Image Analysis with Azure Open AI GPT-4V and Azure Data Factory

This post has been republished via RSS; it originally appeared at: Microsoft Tech Community - Latest Blogs - .

Earlier this year, I published an article on building a solution with Azure Open AI GPT-4 Turbo with Vision (GPT4-V) to analyze videos with chat completions, all orchestrated with Azure Data Factory. Azure Data Factory is a great framework for making calls to Azure Open AI deployments since ADF offers:

A low-code solution without having to write and deploy apps or web services
Easy and secure integration with other Azure resources with Managed Identities
Features which aid in parameterization making a single data factory reuseable for many different scenarios (for example, an insurance company could use the same data factory to analyze videos or images for car damage as well as for fire damage, storm damage, etc. )

Since the first article was published, I have added image analysis to the ADF solution and have made it easy to deploy to your Azure Subscription from our Github repo, AI-in-a-Box, using azd. Below is the current flow of the ADF solution:

Solution resources and workflow

If you read the original blog, you will see that the Azure resources deployed are exactly the same as this solution. The only thing that has changed are the ADF pipelines. The resources used are:

Azure Key Vault for holding API keys as secrets
Azure Open AI with a GPT-4V Deployment (Preview)

Check here for available models and regions for deployment

Azure Computer Vision with Image Analysis 4.0 (Preview)

Follow the prerequisites in the above link and note the region availability and supported video formats

Azure Data Factory for orchestration
Azure Blob Storage for holding images and videos to be processed

This must be in the same region as your Azure Open AI resource

Azure Cosmos DB Account (NoSQL API), database and container for logging GPT-4V completion response

ADF/GPT-4V for Image and Video Processing - Orchestrator Pipeline

An orchestrator pipeline is the main pipeline that is called by event or at a scheduled time, executing all the activities to be performed, including running other pipelines. The orchestration pipeline has changed slightly since the original article was written. It now includes image processing along with telling GPT-4V to return the results in a Json format.

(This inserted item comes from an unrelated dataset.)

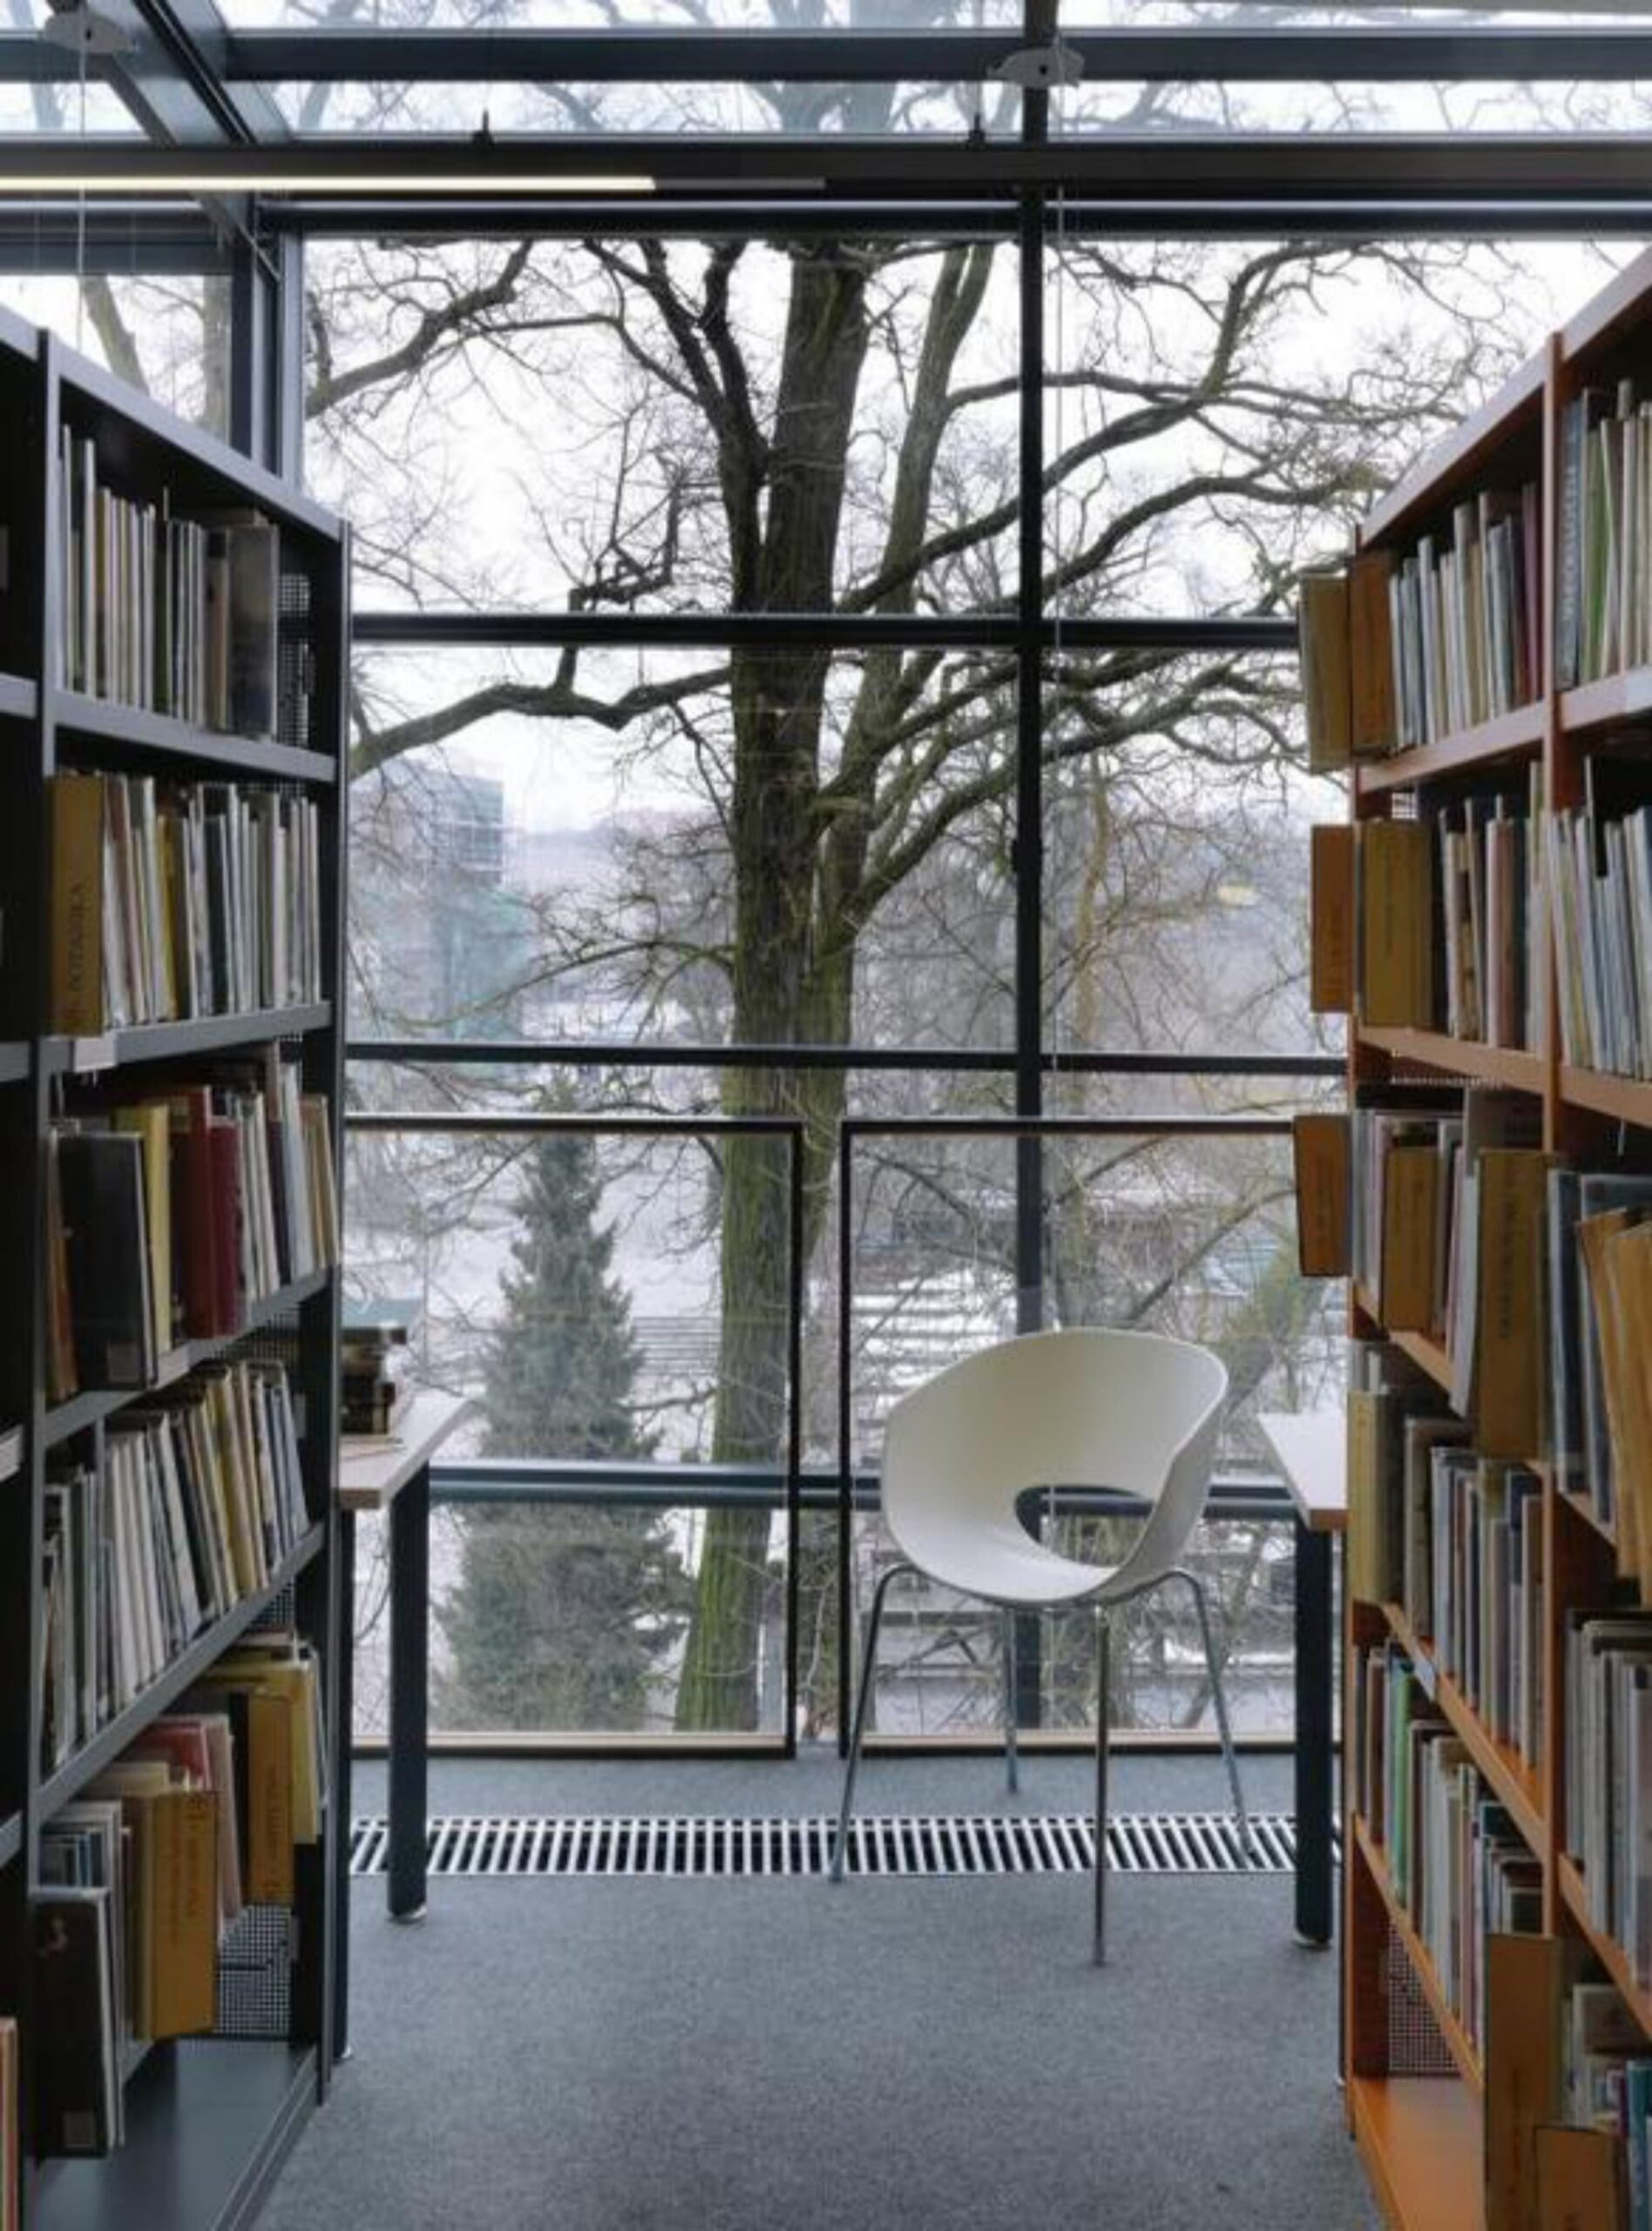 Miejska Biblioteka Publiczna w Opolu

Takes in the specified parameters for the system message, user message, image and/or video storage account, and Cosmos DB account and database information.
1. Though GPT-4V does not support resource-format Json at this time, you can still return a string result in a Json format.
2. In the system_message parameter on the Orchestration Pipeline, specify that the results should be formatted in Json:

The system message says:

Your task is to analyze vehicles for damage. You will be presented videos or images of vehicles. Each video or image will only show a portion of the vehicle and there may be glare on the video or image. You need to inspect the video or image closely and determine if there is any damage to the vehicle, such as dents, scratches, broken lights, broken windows, etc. You will provide the following information in JSON format: {\"summary\":\"\", \"damage_probability\":\"\",\"damage_type\":\"\",\"damage_location\":\"\"}. Do not return as code block. The definitions for each JSON field are as follows: summary = a description of the vehicle and and damage found; damage_probability = a value between 1 and 10 where 1 is no damage found, 5 is some likelyhood of damage, and 10 is obvious damage; damage_type = the type of damage on the vehicle, such as scratches, chips, dents, broken glass; damage_location = the location of the damage on the vehicle such as passenger front door, rear bumper.

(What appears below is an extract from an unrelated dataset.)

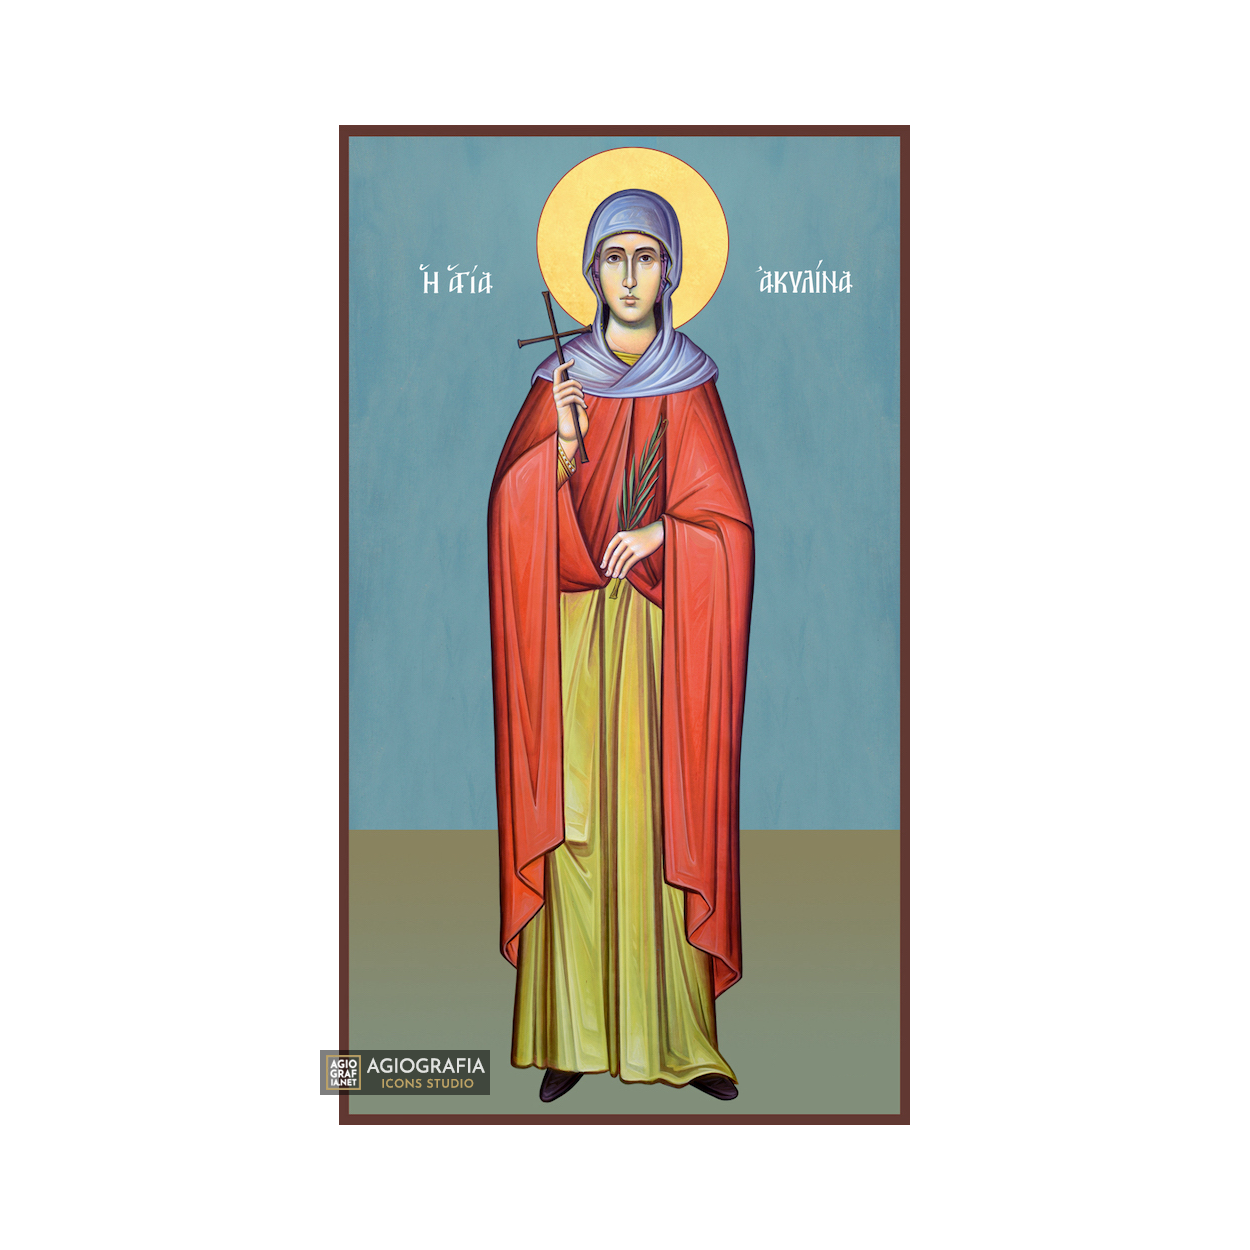 St Akilina Greek Orthodox Wood Icon with Blue Background

At the end of this post, you will see how easy it is to query the results and return the content as a Json object.

2. Get the secrets from key vault and store them as return variables

3. Set a variable which contains the name/value pair for temperature. The parameter above for temperature returns “temperature” : 0.5

4. Set a variable which contains the name/value pair for top_p. The parameter above is not set so it will be blank.

5. Gets a list of the videos and/or images in the storage account

6. Then for each video or image, checks the file type and executes the appropriate pipeline depending on whether it is a video or image, passing in the appropriate file details and other values for parameters.

Video Ingestion/GPT-4V with Pipeline childAnalyzeVideo

The core logic for this pipeline has not changed from the first article. The childAnalyzeVideo pipeline is called from the Orchestrator Pipeline for each file that is a video rather than a image. It creates a video retrieval index with Azure AI Vision Image Analysis 4.0 and passes that along with the link to the video to GPT-4V, returning the completion results to Cosmos DB. Please refer to first article if you want more details.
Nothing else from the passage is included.